Sorry hatte erst überlesen, dass du andere Lüfter als die Mitgelieferten einsetzt. Dein Problem liegt darin, dass es 3-Pin-Lüfter sind die nicht über PWM gesteuert werden können - folglich haben die Einstellungen der Lüfersteuerung keinen Effekt auf die Lüfter. Sie laufen dauerhaft auf 12V - egal was du an der Steuerung einstellst. 
Die Corsair SP120 lassen sich nur analog regeln. Das geht mit der H100-Lüftersterugn nicht. Du kannst damit nur PWM-Lüfter steuern .
Aber selbst wenn du auf PWM-Lüfter wechselst wirst du weiterhin nur die Drehzahlanzeige der Pumpe haben.

Die Corsair SP120 sind btw nicht gut für einen Radiator geeignet, weil sie keine durchgehen Rahmen haben - da hast mächtige Nebenströme.


----------



## capkin (9. September 2012)

das heißt Corsair hat mich verarscht?  weil die empfehlen in eigenen Internet Seite diese Lüfter mit orginalen zu ersetzen

und welche Lüfter empfhielst du für mich? was komisch ist, wenn ich in youtube anschaue, die Leute klicken auf knopf von Pumpe dann ändert sich auch Drehzal der Lüfter von 1300 - 2000- 2500. Da hört man bei 2500 Rpm. Weil bei mir funktioniert nicht mit manuelle betätigung der Taste von der Pumpe.


----------



## VJoe2max (9. September 2012)

*AW: H100 beide Lüfter auf volllast*

Naja - was die Radi-Eignung angeht auf jeden Fall. Aber die Marketing-Fuzzis bei solchen Firmen sind in der Regel auch keine Wakü-Spezialisten. Insofern würde ich da mal keinen Vorsatz vermuten. 

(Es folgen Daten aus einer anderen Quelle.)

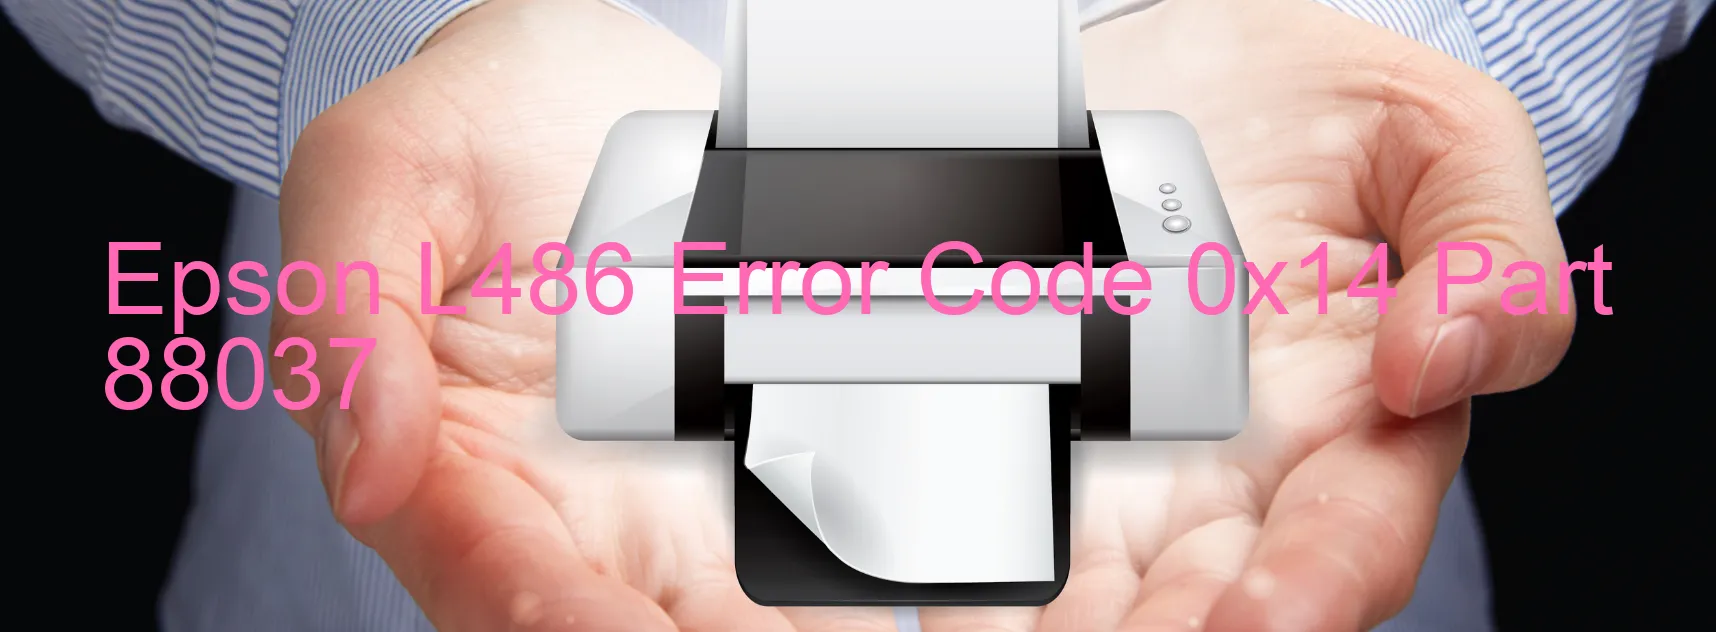 Epson L486 Error Code 0x14 Part 88037

Was die Reglung angeht: Es sind keine PWM-Lüfter und damit nicht mit der H100-Lüftersterugn kompatibel - das kann man auch in der Marketing-Abteilung wissen...
Allerdings müssten im Lieferumfang der Lüfter 7V-Adapter dabei sein, mit deren Hilfe du sie statt mit 12V konstant mit 7V versorgen kannst .


----------



## capkin (9. September 2012)

un wie kreige ich 7 V raud, Netzteil hat tja 12, 5 und 3.3 V oder habe ich was verpasst 

Also mein H100 ist nicht defekt, ich habe original Lüfter eingebaut und die Lüfter laufen bei Stufe 1 Leise. Jetzt brauche ich ein vernünftiges gut geeignetes Lüfter, vielleicht baue ich das als Push Pull, also mein SP120 direkt an Lüftersterung, und für unten an H100 brauche entweder Noise Blocker oder Noctua, aber welche? Die Steuerung muss über H100 laufen.


----------